The Company has granted to the Agent an option to increase the size of the Offering by up to 15%, exercisable in whole or in part at any time for a period of 30 days after and including the closing date of the Offering.
The net proceeds from the Offering will be used for the Company’s Phase 2A Montelukast Study and general working capital requirements.
The Company has applied to list the Offered Shares, the Warrants and the Warrant Shares underlying the Units on the TSX Venture Exchange (the "TSXV"). The approval is subject to fulfillment by the Company of customary closing conditions of the TSXV.
The Company intends to file a final short form prospectus (the "Prospectus") in the provinces of British Columbia, Alberta, Manitoba, Ontario and Quebec, as well as an amended registration statement on Form S-1 (the "Registration Statement") with the United States Securities and Exchange Commission (the "SEC") with respect to the Offering today. The Offering is subject to certain customary conditions including, but not limited to, the receipt of all necessary approvals, including the SEC declaring the Registration Statement effective.

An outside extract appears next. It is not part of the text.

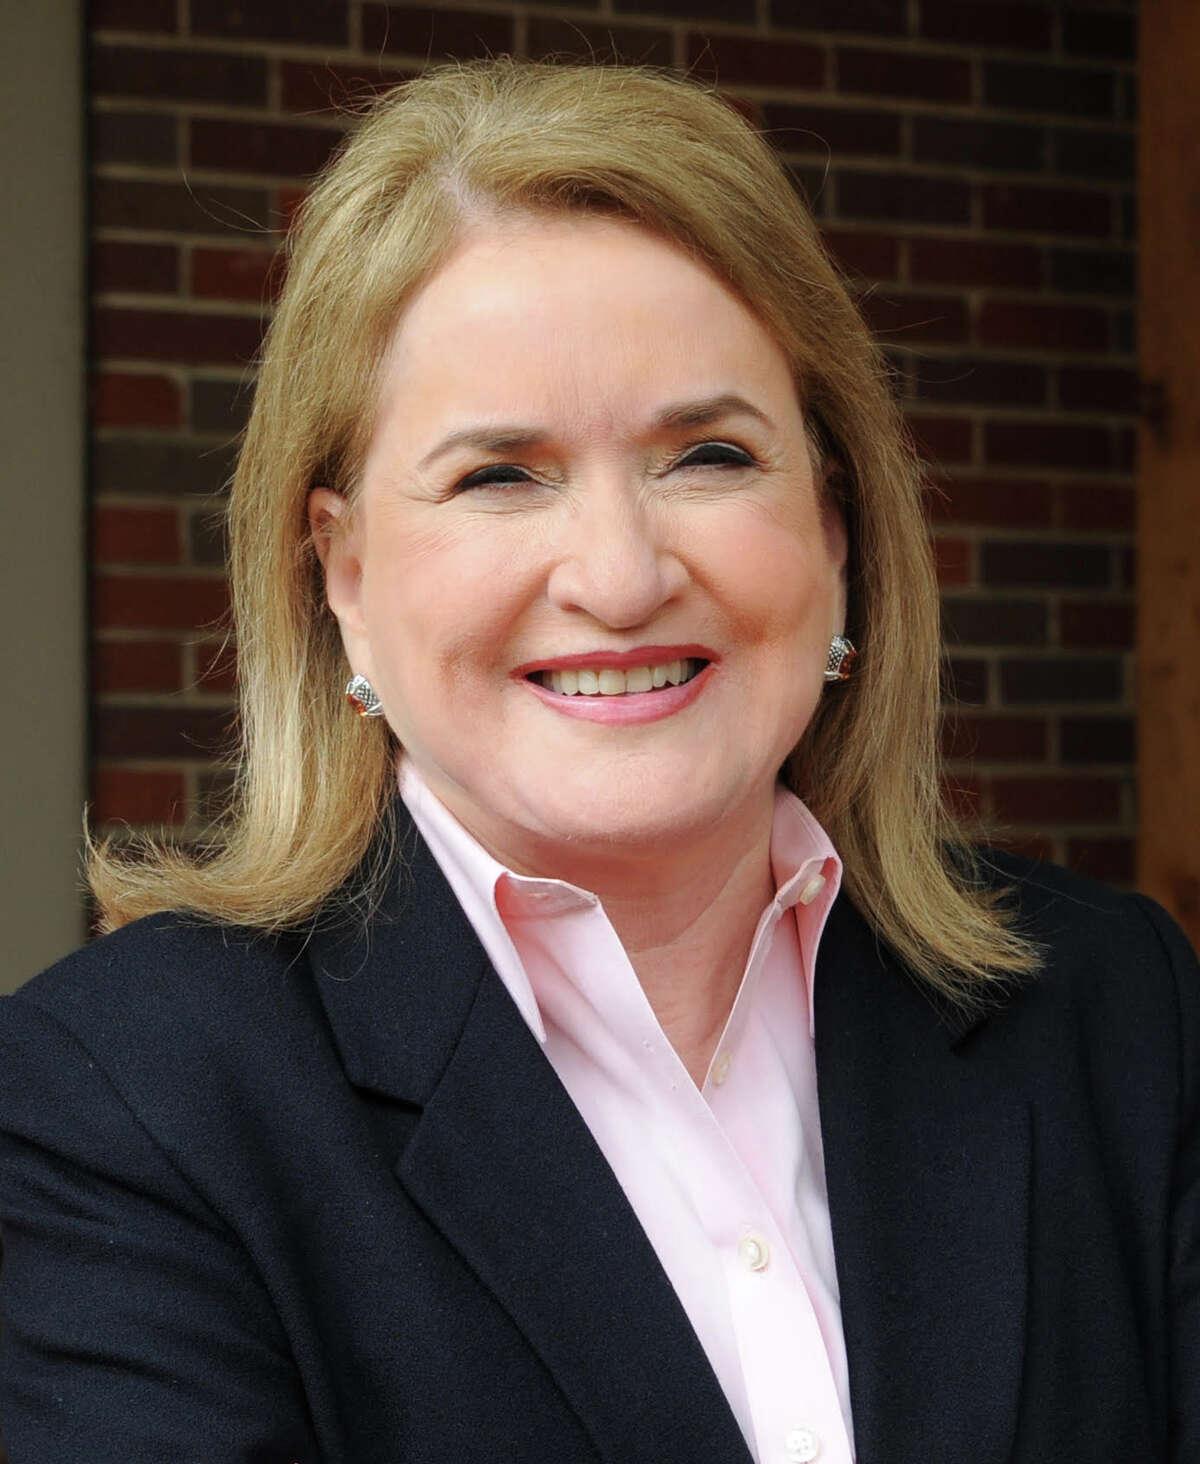 Sylvia R. Garcia, candidate for U. S. Representative District 29. (Photo courtesy Sylvia R. Garcia)

Before investing, you should read the Prospectus and the Registration Statement, as well as other documents the Company has filed or will file late today with the SEC and the Canadian securities regulators for more complete information about the Company and this Offering. A copy of the Prospectus is available under the Corporation’s profile at www.sedar.com and a copy of the Registration Statement can be obtained from the SEC’s website at www.sec.gov or by request to Echelon Wealth Partners Inc. at [email protected].
A registration statement relating to these securities has been filed with the SEC but has not yet become effective. These securities may not be sold nor may offers to buy be accepted prior to the time the registration statement becomes effective. No offer to buy the securities can be accepted and no part of the purchase price can be received until the registration statement has become effective, and any such offer may be withdrawn or revoked, without obligation or commitment of any kind, at any time prior to notice of its acceptance given after the effective date.